The content of these studies is rather varied: they include philosophical and psychological investigations, references to the practical application of the teachings concerned, pointers to neglected or unnoticed aspects of the Abhidhamma, textual research, etc. This variety of contents serves to show that wherever we dig deep enough into that inexhaustible mine, the Abhidhamma literature, we shall meet with valuable contributions to the theoretical understanding and practical realization of Buddhist doctrine. So the main purpose of these pages is to stimulate further research in the field of Abhidhamma to a much wider and deeper extent than was possible in this modest attempt.
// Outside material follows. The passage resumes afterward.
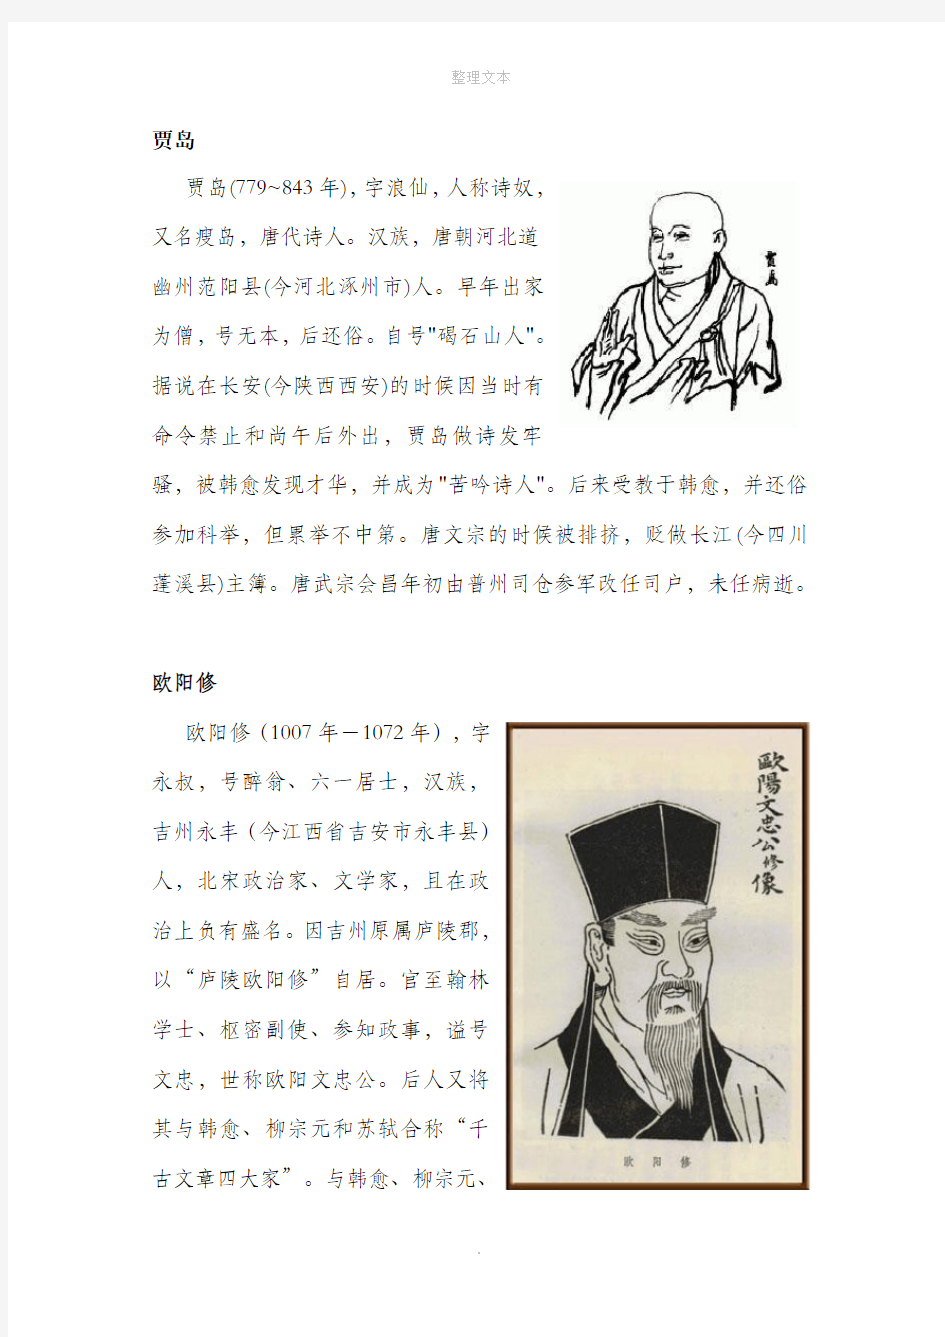 中国古代文学家小故事(三则)(相关资料)

There is no reason why the Abhidhamma philosophy of the Southern or Theravāda tradition should stagnate today or why its further development should not be resumed. In fact, through many centuries there has been a living growth of Abhidhamma thought, and even in our own days there are original contributions to it from Burma, for example, by that remarkable monk-philosopher, the Venerable Ledi Sayadaw. There are a vast number of subjects in the canonical and commentarial Abhidhamma literature that deserve and require closer investigation and new presentation in the language of our time. There are many lines of thought, only briefly sketched in Abhidhamma tradition, that merit detailed treatment in connection with parallel tendencies in modern thought. Finally, in some important subjects of Abhidhamma doctrine we must deplore the partial loss of ancient tradition, a fact that is clearly indicated by the appearance of technical terms nowhere explained.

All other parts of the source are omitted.